Could mammoths be brought back to life and survive in nature?
If there was any intact DNA left from the stone ages, then you possibly make a clone. However, we do not have the technology yet to do this.
>>7976324
Yes, but it depends on your definition of "mammoth"
>>7976376
Mammoths weren't extinct until about 3700 years ago on Wrangel Island of Siberia. Intact DNA will not be found, as it is always contaminated or destroyed to some extent. Instead; you would insert mammoth like traits found in the genome of sequences of the damaged DNA in to Asian elephants, which would make up mammoth-like traits, for example the hair.
>>7976385
Do you mean as in you couldn't replicate the behaviour of an extinct species? The definition of a mammoth should be in the content of their genome and physical attributes because that can be 100% proven, whereas behavioural traits are probably lost forever.

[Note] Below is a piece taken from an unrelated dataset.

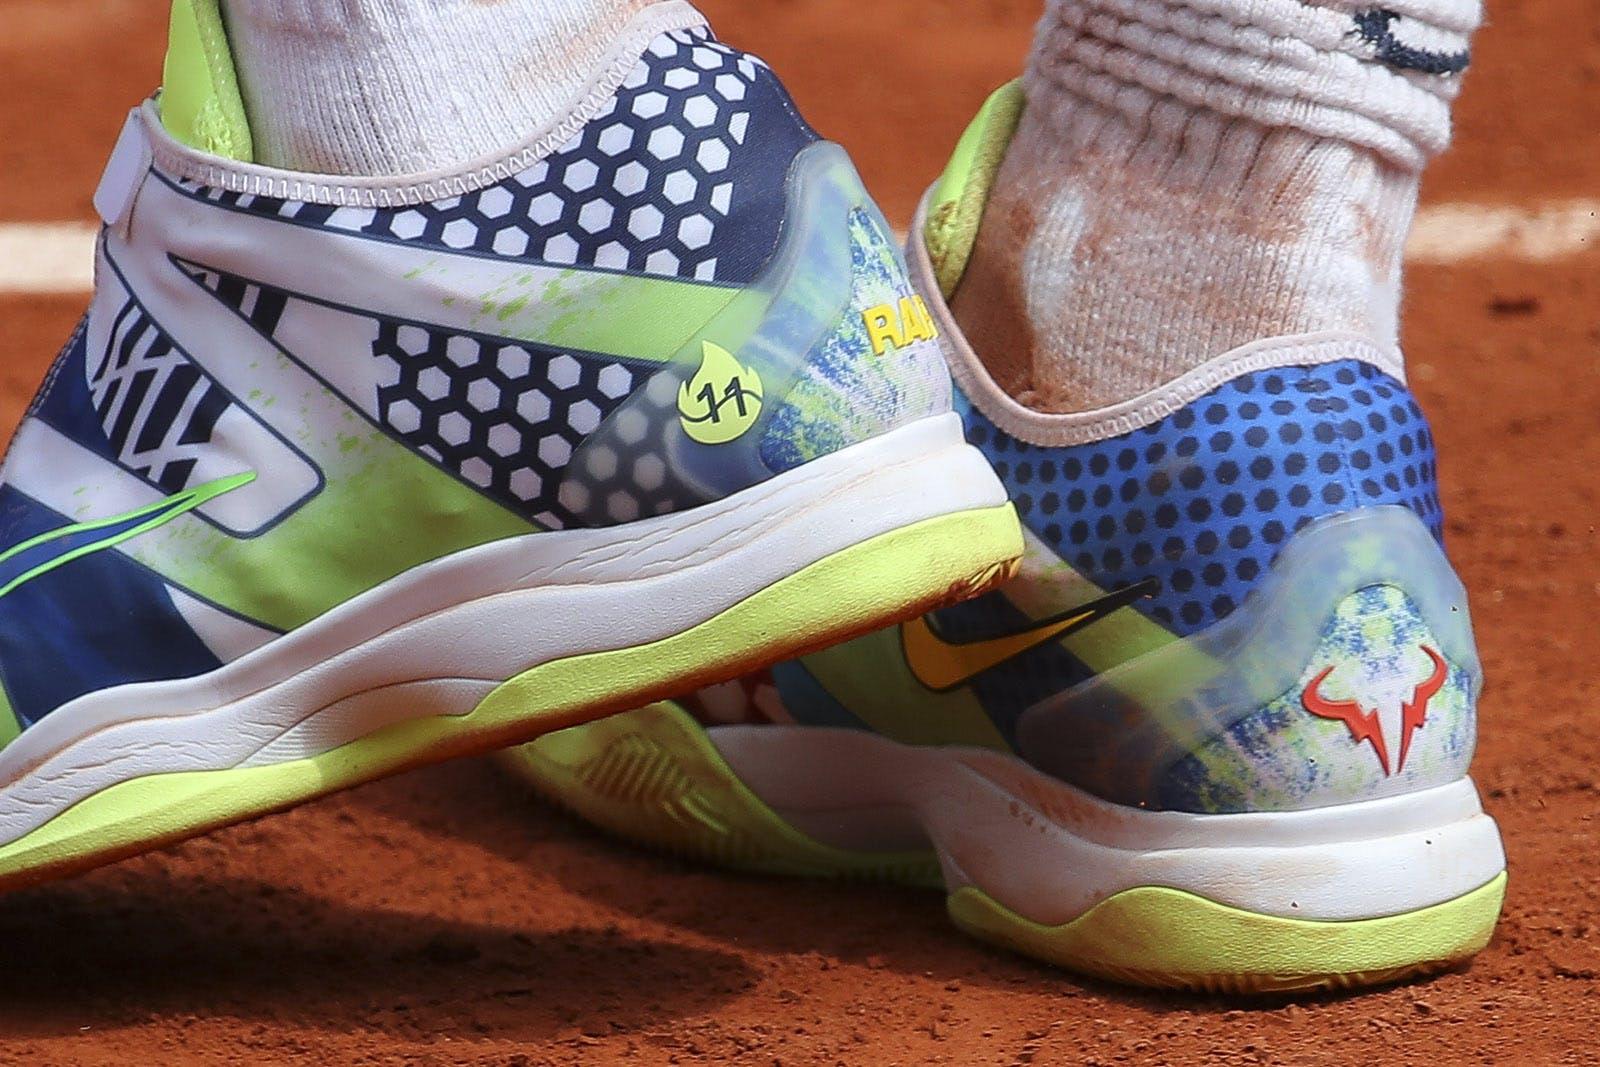 Rafael Nadal - Roland-Garros 2019 Chaussures

Also: why do people even want to do it?
>Could mammoths be brought back to life
yes, but it's a bit of a long shot
>and survive in nature?
no, megafauna are stressed enough as it is without suffering from minimal diversity and the wrong adaptations for modern climate
>>7976487
What about in "Pleistocene park" in Russia? And also; can't you manipulate the genes of the mammoths so that they're adapted to our climate and temperature rather than the climate of their prime?
>>7976487
just bring those shits to antartica and give them some food
No don't believe any of the popsci click bait articles.

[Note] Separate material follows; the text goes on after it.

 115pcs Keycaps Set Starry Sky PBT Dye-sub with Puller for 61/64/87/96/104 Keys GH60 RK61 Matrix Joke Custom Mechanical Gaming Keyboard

Yes we can find intact DNA, but what pop scientists don't realize is that DNA has a half life of about 520 years (I think). In the best case scenario, if you find manage to find a dwarf wooly mammoth carcass with intact DNA that died 4000 years ago, less than 1% of that DNA would remain of what there originally was.

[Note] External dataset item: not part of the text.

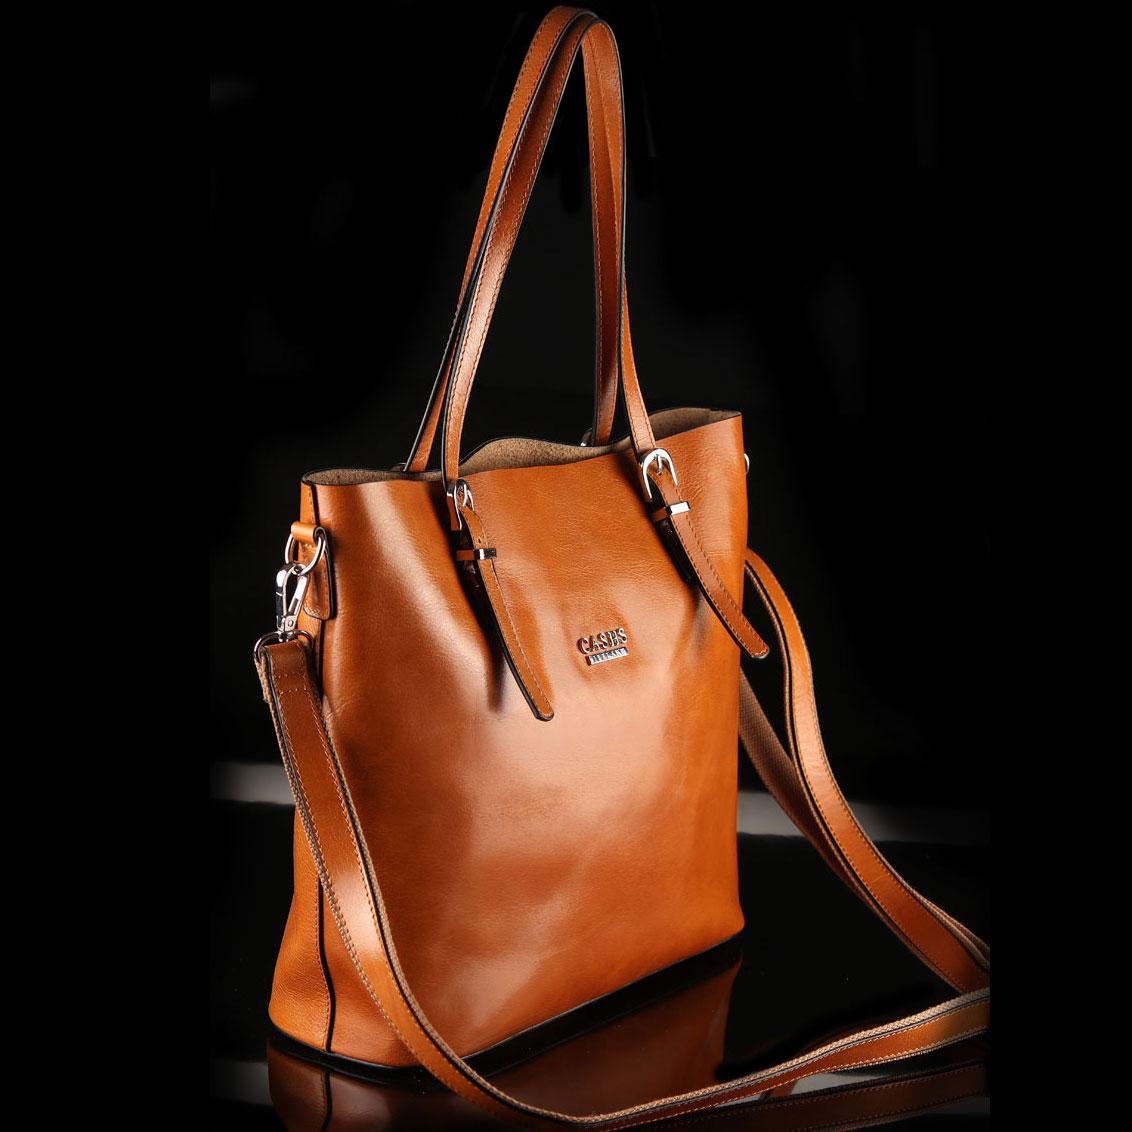 Cashs Ireland, Top Grain Leather Camel Adare Tote Handbag, Limited Edition

>but we'll just fill the holes and gaps with elephant DNA
Good luck figuring out where to put which genes and hoping the end result would look anything like a wooly mammoth
>>7976418
Even at the genetic level, it's impossible to replicate the entire mammoth genome, because we simply don't have one. A bioengineered mammoth would just be an approximation. A very good approximation, but not a true "mammoth".
>>7976524
So you'd say that the researchers that claim that is is possible (not popsci articles - actual proffesors and such) to sequence the genome are mostly looking to raise awareness and get investors so that they can spend their time on a sci-fi project?
Man moths?
>>7976885
Man moths are my religion
>>7976418
Didn't you see the frozen sabertooth tiger cubs?
There's all sorts of shit preserved in the ice
The reason they're extinct is because they couldn't survive in nature, dumbass.
The hardest part would be getting enough elephants (which are already endangered, few and far between) that you could do research on.
You need lots of females that will survive in captivity, inseminate them and wait for them to give birth, which could kill the mother, and the child may not be viable. This is an incredibly expensive and probably illegal proposition with little to no conceivable payoff. So you bring one or two mammoths back from extinction, what do you do with them then? Keep them in a zoo until they die? May be able to charge admission as it's a novelty and possibly a kind of natural freak show. Highly unethical.
>>7977041
plz dont spooky me
>>7978679
The reason they're extinct is because God willed it so.
>>7978679
They went extinct because of earth getting hotter combined with hunting humans. If they were brought back they would certainly not be hunted, dumbass
>>7978805
So where would they live if they were brought back? Antartica?
>>7978736
But if we are capable of bringing an extinct specie back to life, isn't it unethical to not do so? If it was to re-extinct, then so be it, but isn't it our duty to make up for the changes we have made on earth already?